Kimberly D. Tremblay

Kimberly D. Tremblay, Ph.D.

Associate Professor

Honors Program Director

Photo of Kimberly Tremblay

Office phone: 413-545-5560

Lab phone: 413-545-2339

Fax: 413-545-6326

Email: kdtrembl [at] vasci [dot] umass [dot] edu

Office location: 427C ISB

A.B.: Smith College, 1992

Ph.D.: University of Pennsylvania, 1998 (Marisa Bartolomei’s lab)

Postdoctoral Training:
Harvard University, 1998- 2001
(Liz Robertson’s Lab)
Fox Chase Cancer Center
(Ken Zaret’s Lab, 2001-2004)

Postdoctoral Awards: NRSA Postdoctoral Fellowship 1998-2001, NIH K01 Mentored Research Award 2003-2006

- Animal Genetics

ANIMLSCI 494TI - Departmental Honors Thesis IE

ANIMLSCI 697J - Genes, Cells and Development

Mouse Development and Organogenesis

In our lab we study the development of the definitive endoderm, one of the 3 primary germ layers that arises during gastrulation. The definitive endoderm produces the entire gastrointestinal tract as well as accessory digestive and respiratory organs. These organs include lung, liver, pancreas, thyroid, parathyroid and thymus. Although much is known about the genes involved in the function of these organs in the adult, relatively little is known about how these tissues are initially patterned and organized. An overall goal of the lab is to understand the morphological and molecular mechanisms that give rise to endodermal organs, focusing on liver and pancreas. Towards this end, we are taking two broad approaches to study the early stages of endoderm organogenesis in the mouse.
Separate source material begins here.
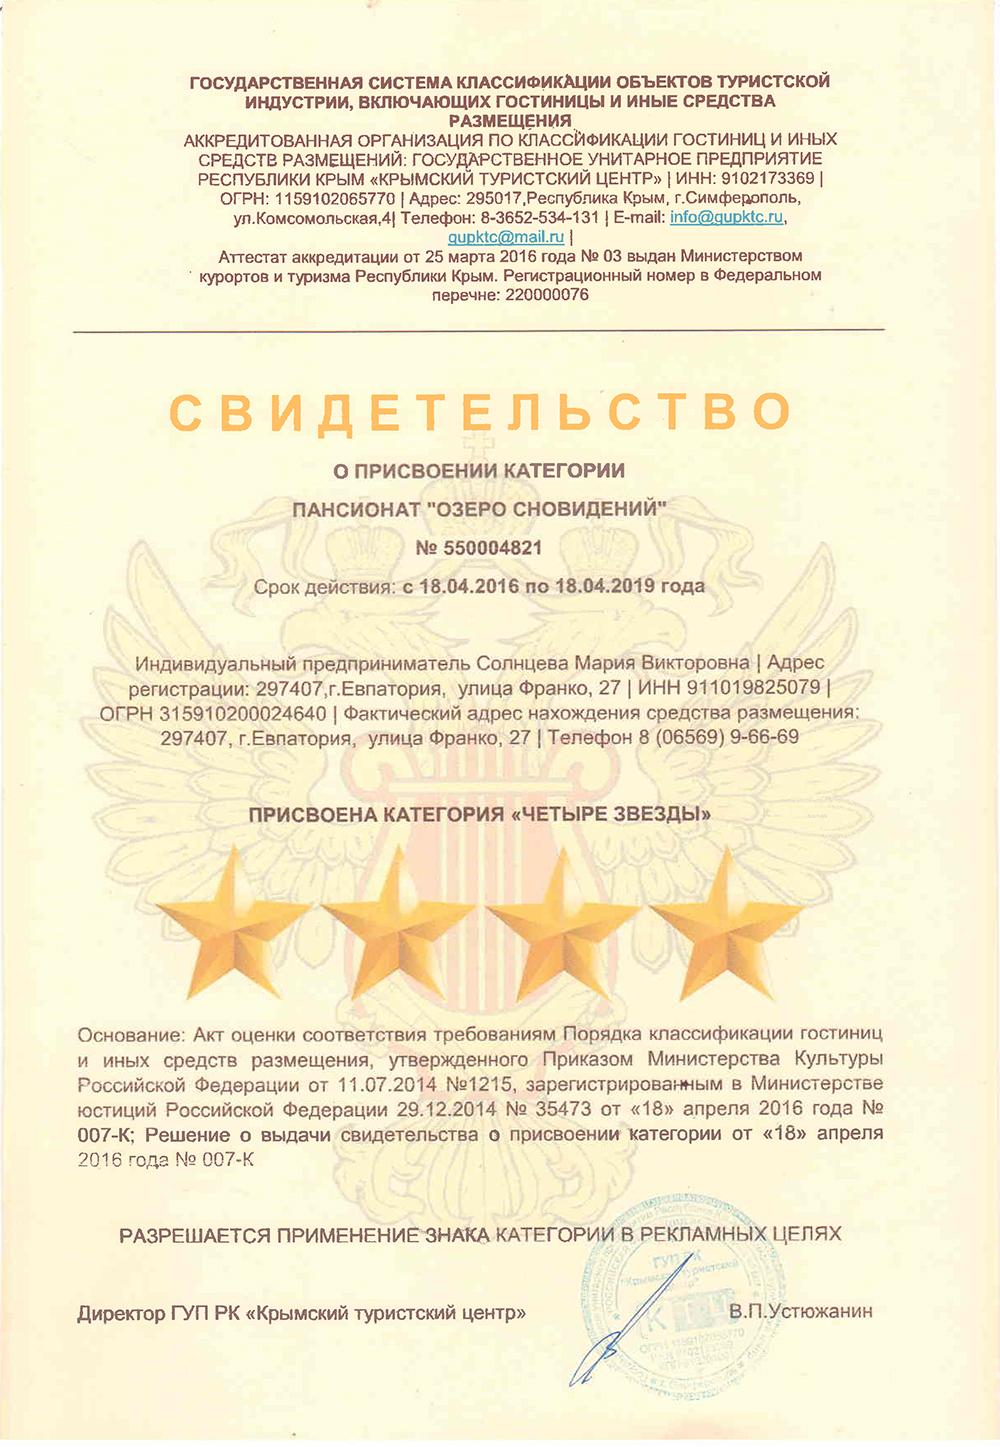 бухгалтерское обслуживание цены красноярск

They can be defined as embryological approaches, utilizing whole embryo culture, and genetic approaches, using transgenic and homologous recombination to create favorable environments to study this fascinating tissue layer.

Identification and Manipulation of Liver and Pancreas Precursors

The endoderm is a uniform epithelial layer that covers the ventral surface of the pre-somitic mouse embryo. From 8-15 somites (S), the accessory organs appear, in a temporally and spatially characteristic manner, as thickenings in this epithelium.
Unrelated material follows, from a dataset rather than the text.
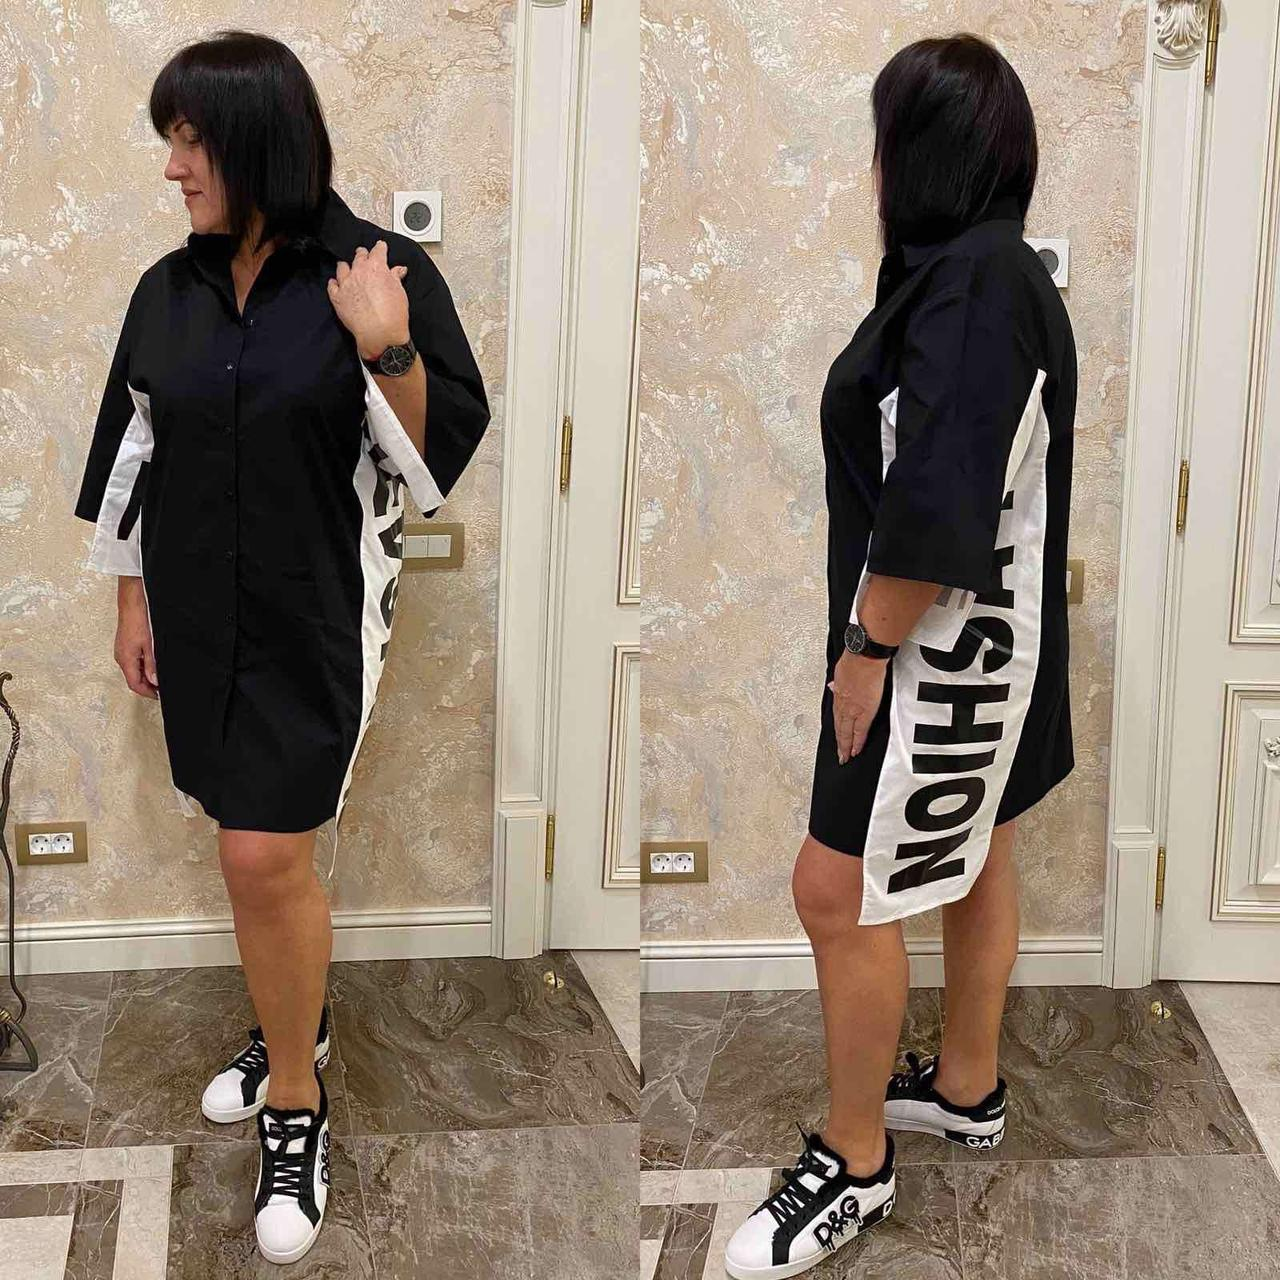 CDM-2748  Платье-рубашка свободного кроя БАТАЛ черное/ черного цвета/ черно-белое/ черное с белым

Figure 1: Early stages of endoderm organogenesis.

Figure 2: Whole embryo culture. Organ-specific gene expression follows or is coincident with the onset of these morphological processes and as a result, little is known about the location of these organ progenitors in the endodermal sheet, the morphological processes leading to organogenesis, or the molecular mechanisms that initiate organogenesis. Because of the lack of genes or promoters expressed specifically in the endoderm, more traditional approaches, such as knock-out and transgenic experiments, have had limited success in tackling these issues. We have decided to use a whole embryo culture system in which we can successfully culture whole embryos, and their accompanying extraembryonic tissues, from early somite stages (~day 8.25) until day 10 (Fig. 2). Culturing allows us to manipulate the pre-specified (d8.25) endoderm and follow these changes through d10, when the liver and pancreas buds have formed and begun to differentiate. We have used viable dyes to identify precursor populations in the early somite embryo and are now using electroporation to identify genes that disrupt early organogenesis.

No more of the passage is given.